(Collected data entries)

□ □ □

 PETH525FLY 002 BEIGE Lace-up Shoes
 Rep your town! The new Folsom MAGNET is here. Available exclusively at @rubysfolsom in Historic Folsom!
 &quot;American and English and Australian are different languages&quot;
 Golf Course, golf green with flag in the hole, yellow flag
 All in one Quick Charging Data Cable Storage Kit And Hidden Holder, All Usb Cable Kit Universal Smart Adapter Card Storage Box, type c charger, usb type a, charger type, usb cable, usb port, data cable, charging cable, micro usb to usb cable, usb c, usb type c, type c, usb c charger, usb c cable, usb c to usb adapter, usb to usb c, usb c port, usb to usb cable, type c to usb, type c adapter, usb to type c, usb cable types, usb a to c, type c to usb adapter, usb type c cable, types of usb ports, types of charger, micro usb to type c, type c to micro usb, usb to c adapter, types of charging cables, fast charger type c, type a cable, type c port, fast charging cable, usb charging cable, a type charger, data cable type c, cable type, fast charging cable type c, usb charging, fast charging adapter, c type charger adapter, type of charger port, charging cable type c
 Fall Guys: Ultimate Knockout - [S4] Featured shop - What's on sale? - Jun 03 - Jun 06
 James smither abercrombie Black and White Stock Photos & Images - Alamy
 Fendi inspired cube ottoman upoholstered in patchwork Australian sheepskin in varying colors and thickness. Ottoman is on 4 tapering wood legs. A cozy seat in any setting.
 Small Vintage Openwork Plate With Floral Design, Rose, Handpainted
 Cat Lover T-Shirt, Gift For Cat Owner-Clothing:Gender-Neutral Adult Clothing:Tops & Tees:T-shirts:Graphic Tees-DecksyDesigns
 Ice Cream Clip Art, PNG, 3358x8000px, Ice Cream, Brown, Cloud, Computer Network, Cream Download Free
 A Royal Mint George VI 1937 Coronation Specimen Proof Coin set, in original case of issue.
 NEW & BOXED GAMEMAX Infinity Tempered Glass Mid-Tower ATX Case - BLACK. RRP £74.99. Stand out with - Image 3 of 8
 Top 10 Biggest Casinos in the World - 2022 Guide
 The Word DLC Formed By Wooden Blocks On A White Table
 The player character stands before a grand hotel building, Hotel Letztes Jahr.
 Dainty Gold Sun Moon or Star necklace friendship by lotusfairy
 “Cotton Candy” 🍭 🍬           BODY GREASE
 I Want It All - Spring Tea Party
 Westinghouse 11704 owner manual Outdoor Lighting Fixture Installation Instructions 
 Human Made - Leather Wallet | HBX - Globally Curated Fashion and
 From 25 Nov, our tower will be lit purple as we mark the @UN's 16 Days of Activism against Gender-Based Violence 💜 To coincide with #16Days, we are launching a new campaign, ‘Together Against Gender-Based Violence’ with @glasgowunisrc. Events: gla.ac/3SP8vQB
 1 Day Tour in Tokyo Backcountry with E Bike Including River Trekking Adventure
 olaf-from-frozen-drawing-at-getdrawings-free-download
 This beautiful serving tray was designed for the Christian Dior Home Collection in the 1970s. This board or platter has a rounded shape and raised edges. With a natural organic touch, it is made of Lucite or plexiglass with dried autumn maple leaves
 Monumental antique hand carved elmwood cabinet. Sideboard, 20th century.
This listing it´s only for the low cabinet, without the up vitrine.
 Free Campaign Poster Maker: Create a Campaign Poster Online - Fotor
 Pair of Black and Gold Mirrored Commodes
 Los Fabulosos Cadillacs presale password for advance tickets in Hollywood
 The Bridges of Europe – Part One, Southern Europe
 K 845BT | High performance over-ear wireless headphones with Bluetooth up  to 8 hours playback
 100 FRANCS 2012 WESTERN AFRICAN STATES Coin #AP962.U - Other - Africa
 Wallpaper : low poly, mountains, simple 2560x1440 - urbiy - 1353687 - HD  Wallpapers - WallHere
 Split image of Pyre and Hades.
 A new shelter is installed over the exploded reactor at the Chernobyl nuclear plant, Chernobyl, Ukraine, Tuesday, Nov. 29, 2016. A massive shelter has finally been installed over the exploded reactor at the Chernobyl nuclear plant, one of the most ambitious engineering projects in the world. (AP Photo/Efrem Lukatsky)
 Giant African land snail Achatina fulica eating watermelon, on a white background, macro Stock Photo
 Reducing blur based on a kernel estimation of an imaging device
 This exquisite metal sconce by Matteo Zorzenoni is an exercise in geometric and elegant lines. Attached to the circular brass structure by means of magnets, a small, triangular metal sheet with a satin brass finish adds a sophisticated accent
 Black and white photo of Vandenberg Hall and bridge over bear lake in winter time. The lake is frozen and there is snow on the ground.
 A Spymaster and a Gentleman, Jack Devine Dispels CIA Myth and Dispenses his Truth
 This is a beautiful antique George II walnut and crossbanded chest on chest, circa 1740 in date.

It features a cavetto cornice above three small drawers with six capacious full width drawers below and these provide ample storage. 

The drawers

□ □ □

> Action item: Reproduce all lines from the records above that include the word "George".

> Result:
 A Royal Mint George VI 1937 Coronation Specimen Proof Coin set, in original case of issue.
 This is a beautiful antique George II walnut and crossbanded chest on chest, circa 1740 in date.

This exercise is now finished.